After the success of Eraserhead, Lynch decided to focus on the screenplay of his second film, entitled Ronnie Rocket, which he also wanted to direct. The film's plot would have told the story of a detective seeking to enter a mysterious second dimension, aided by his ability to stand on one leg. He is being obstructed on this quest by a strange landscape of odd rooms and a threatening train; while being stalked by the "Donut Men", who wield electricity as a weapon. In addition to the detective's story, the film was to show the tale of Ronald d'Arte, a teenage dwarf, who suffers a surgical mishap which leaves him dependent on being plugged into an electrical supply at regular intervals; this dependence grants him an affinity over electricity which he can use to produce music or cause destruction.
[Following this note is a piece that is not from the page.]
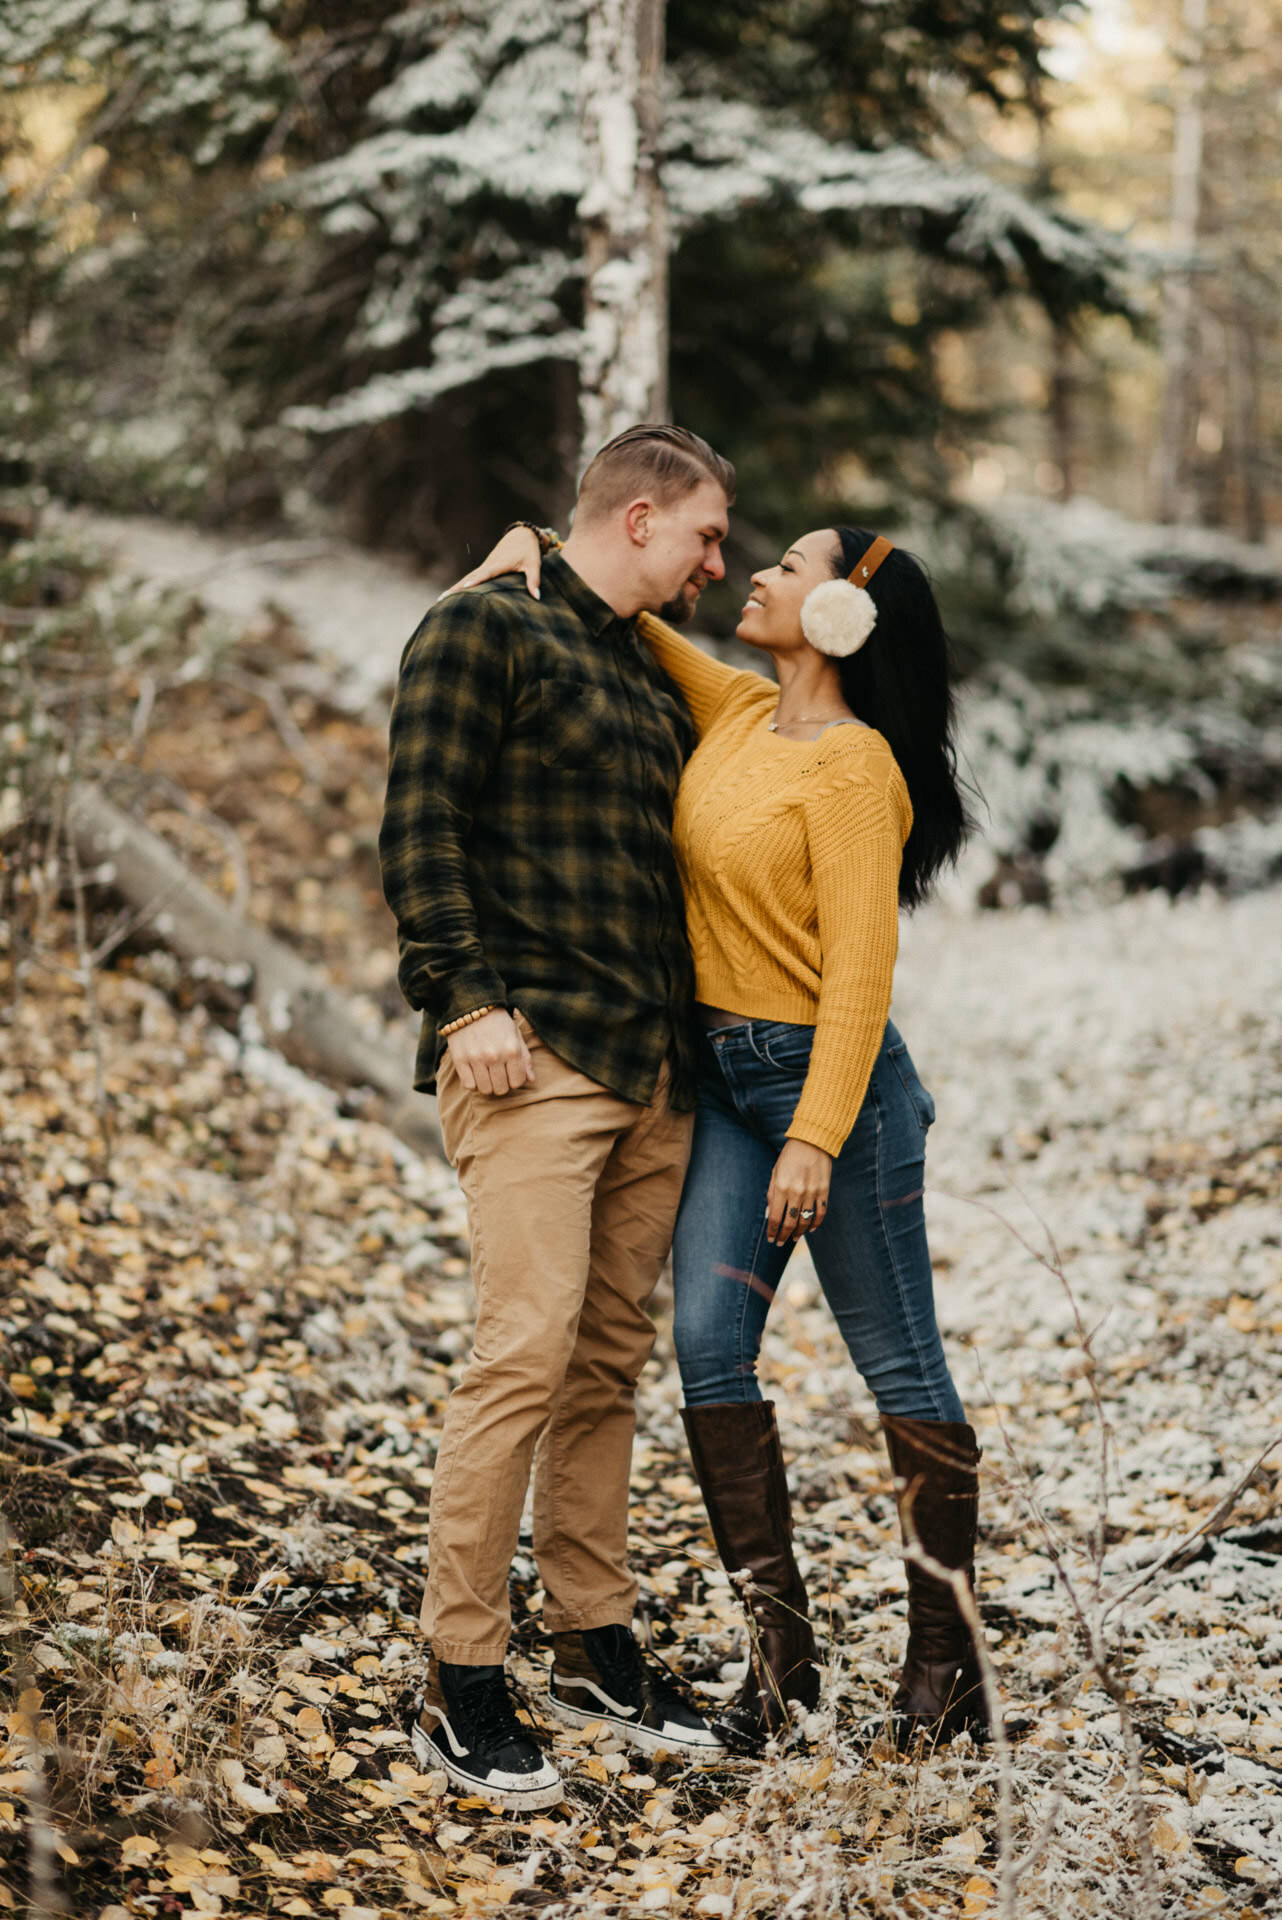 kelsey-rob-snowy-fall-leaves-evergreen-colorado-engagement-session-7.jpg

The boy names himself Ronnie Rocket and becomes a rock star, befriending a tap-dancer named Electra-Cute. Michael J. Anderson and Dexter Fletcher were attached to the lead role at different times. However, the project never materialized due to financial conflicts, so Lynch left the production and decided to direct The Elephant Man instead. Anderson later worked with Lynch in Twin Peaks.

1980s

The Metamorphosis 
At some point in the 1980s, Lynch adapted Franz Kafka's novella The Metamorphosis into a feature film screenplay. The project never came to fruition due to budgetary concerns to do with the expense of realizing Lynch's vision of the insect the protagonist of the story transforms into and also Lynch's eventual reluctance at adapting the novella, himself believing it was "better left as a book".

Venus Descending 
In 1987, after the success of Blue Velvet, Lynch was hired by a Warner Bros. executive to direct a film based on the life of famous actress Marilyn Monroe, based on the best-selling book Goddess. He co-wrote the script with writer Mark Frost, the first of many collaborations for the two. The film would have revolved around the last few months of life of Monroe (named Rosilyn Ramsay for legal reasons), before her supposed assassination at hands of Bobby Kennedy (renamed Phillip Malloy). However, one of the project's producers decided to drop it, and Lynch decided to focus on One Saliva Bubble.

One Saliva Bubble 
On May 20, 1987, Lynch and Mark Frost finished their script for a film project entitled One Saliva Bubble. The film's plot centered around the small town of Newtonville, Kansas, where a secret government project goes amok. The result is an exchange of identities of several of the townsfolk. Steve Martin was attached to star in the lead role, although Martin Short was also rumored to take that part. In the chapter 'Marty Throws A Party Just To Sing' of his 2014 autobiography, I Must Say: My Life as a Humble Comedy Legend, Martin Short states, "We bought the house on the basis of the income I was about to make from two pending movies. You can guess what happened next. Practically the second we signed the mortgage, one of the two movies, a David Lynch film with Steve Martin entitled, 'One Saliva Bubble', fell through." However, the film never came to fruition for unknown reasons, so Lynch left the project to focus on Northwest Passage (which would later become Twin Peaks).

1990s

Untitled Twin Peaks spin-off 
During the filming of Twin Peaks around the 1990s, Lynch considered at one point to release a spin-off film of the series film Twin Peaks: Fire Walk with Me centered around the character Audrey Horne. Actress Sherilyn Fenn was attached to reprise her role. While the project was not ultimately made, elements of the planned story later inspired Lynch's film Mulholland Drive.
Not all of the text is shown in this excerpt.